File size: 5,869 Bytes

---
library_name: pytorch
tags:
- hungarian
- transformer
- encoder
- tokenization-free
- character-based
- glass-box
license: cc-by-sa-4.0
datasets:
- webkorpusz-2.0
metrics:
- pos-accuracy
- word-reconstruction
---

# 🧠 HuBrain: Tokenization-free Hungarian Semantic Encoder / Tokenizáció-mentes magyar szemantikai encoder

[English Version](#english) | [Magyar Változat](#magyar)
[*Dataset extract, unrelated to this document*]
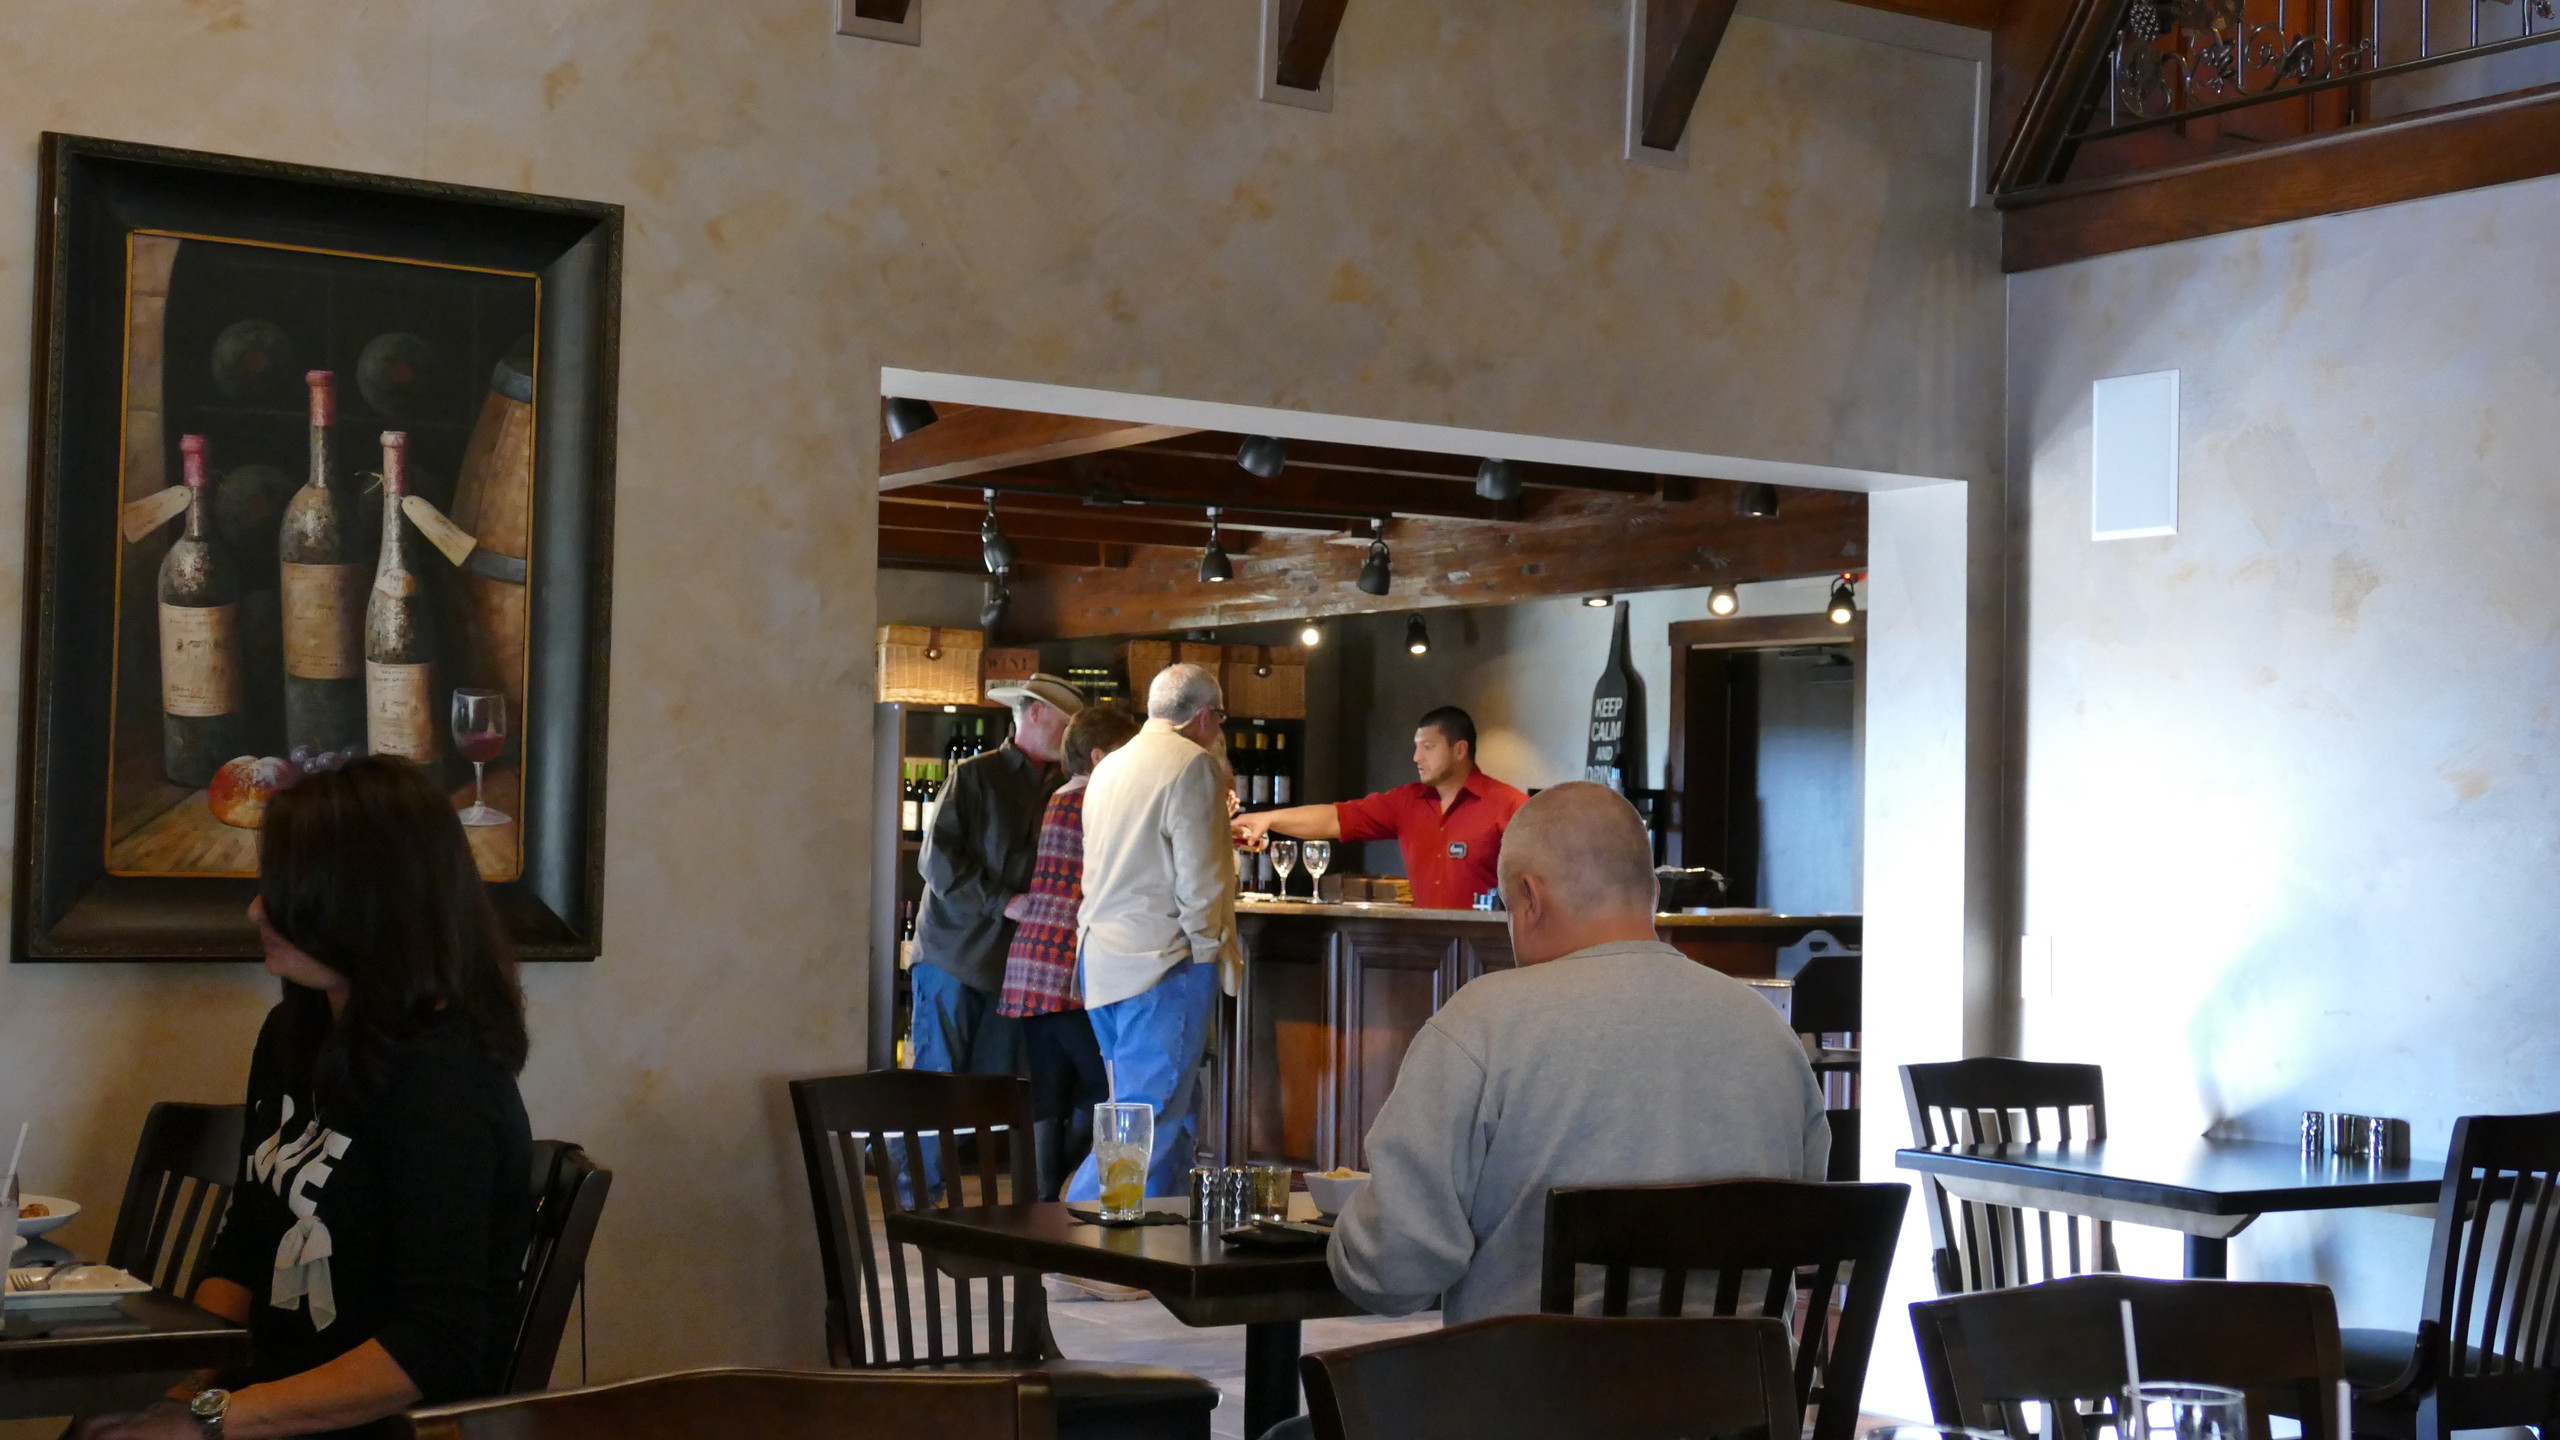 Herrera Restaurant & Bar

🔗 **GitHub Repository:** [https://github.com/BraienStorm/hubrain-encoder](https://github.com/BraienStorm/hubrain-encoder)

---

<a name="english"></a>
## 🌍 English Description

🔗 **Source Code (GitHub):** [https://github.com/BraienStorm/hubrain-encoder](https://github.com/BraienStorm/hubrain-encoder)

HuBrain is an experimental, character-based **Glass-Box Semantic Encoder** designed to model the morphological richness and semantic relationships of the Hungarian language without traditional tokenization (e.g., BPE).

### 🚀 Live Visualization
View the 1280-dimensional semantic latent space projection (PCA/T-SNE) here:
👉 **[HuBrain Projector Visualization](https://projector.tensorflow.org/?config=https://jevcsak.hu/model/hubrain.json)**

![Latent Space Projection](latens_space.png)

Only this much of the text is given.